Traditional stochastic modeling efforts for exploration project assessment start from a model that incorporates estimates of uncertainties and risks and then simulates how the company (decision subject) acts as the risks and uncertainties are resolved (outcomes revealed). In resource play assessment the model also often includes learning of the experience curve (learning-bydoing) type: there is a model component that specifies how uncertain well costs and uncertain drilling durations are reduced as a function of the cumulative number of wells that have been drilled.

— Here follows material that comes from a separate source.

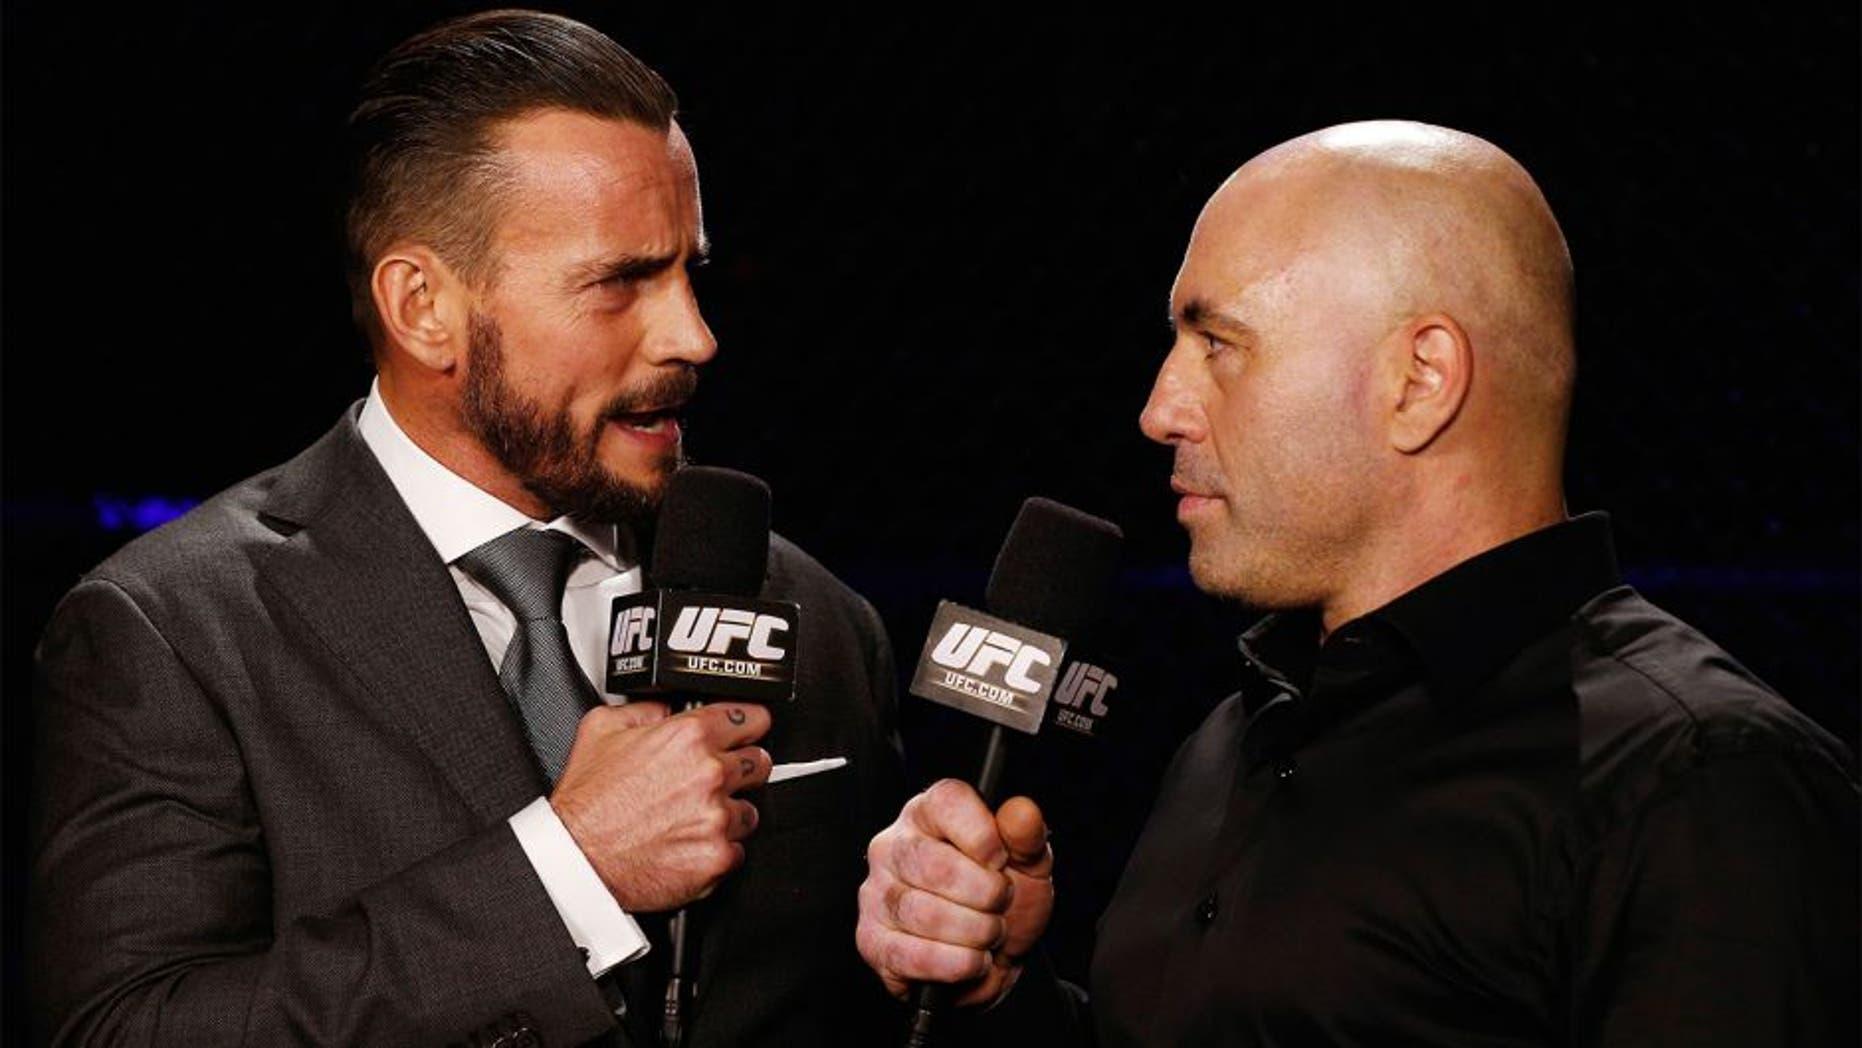 "LAS VEGAS, NV - DECEMBER 06: (L-R) Phil ""CM Punk"" Brooks speaks with Joe Rogan during the UFC 181 event inside the Mandalay Bay Events Center on December 6, 2014 in Las Vegas, Nevada. (Photo by Josh Hedges/Zuffa LLC/Zuffa LLC via Getty Images)"

This paper presents a framework for assessment of recovered resources and economic value that also models statistical learning. The framework includes an explicit model of how prior uncertainties are transformed into posterior uncertainties and simulates decisions that are based on the posterior uncertainties -- and not on full certainty. The learning application is shale gas resource play assessment and the learning is linked to pilot production. The work follows up on earlier work (Haskett & Brown, 2005) that recognizes that analogs used to define well performance provide an envelope (a population) of well curves. The new integrated analytics presented in this paper use the pilot production to constrain the prior distribution and make decisions based on the resulting posterior well performance (EUR/well) curves. Modeling learning provides a basis for a more realistic simulation that captures not only the potential for more or less effective decisions, but also can be used to assess the value of information. Application is illustrated with an assessment that is used to support the decision to enter a shale gas resource play.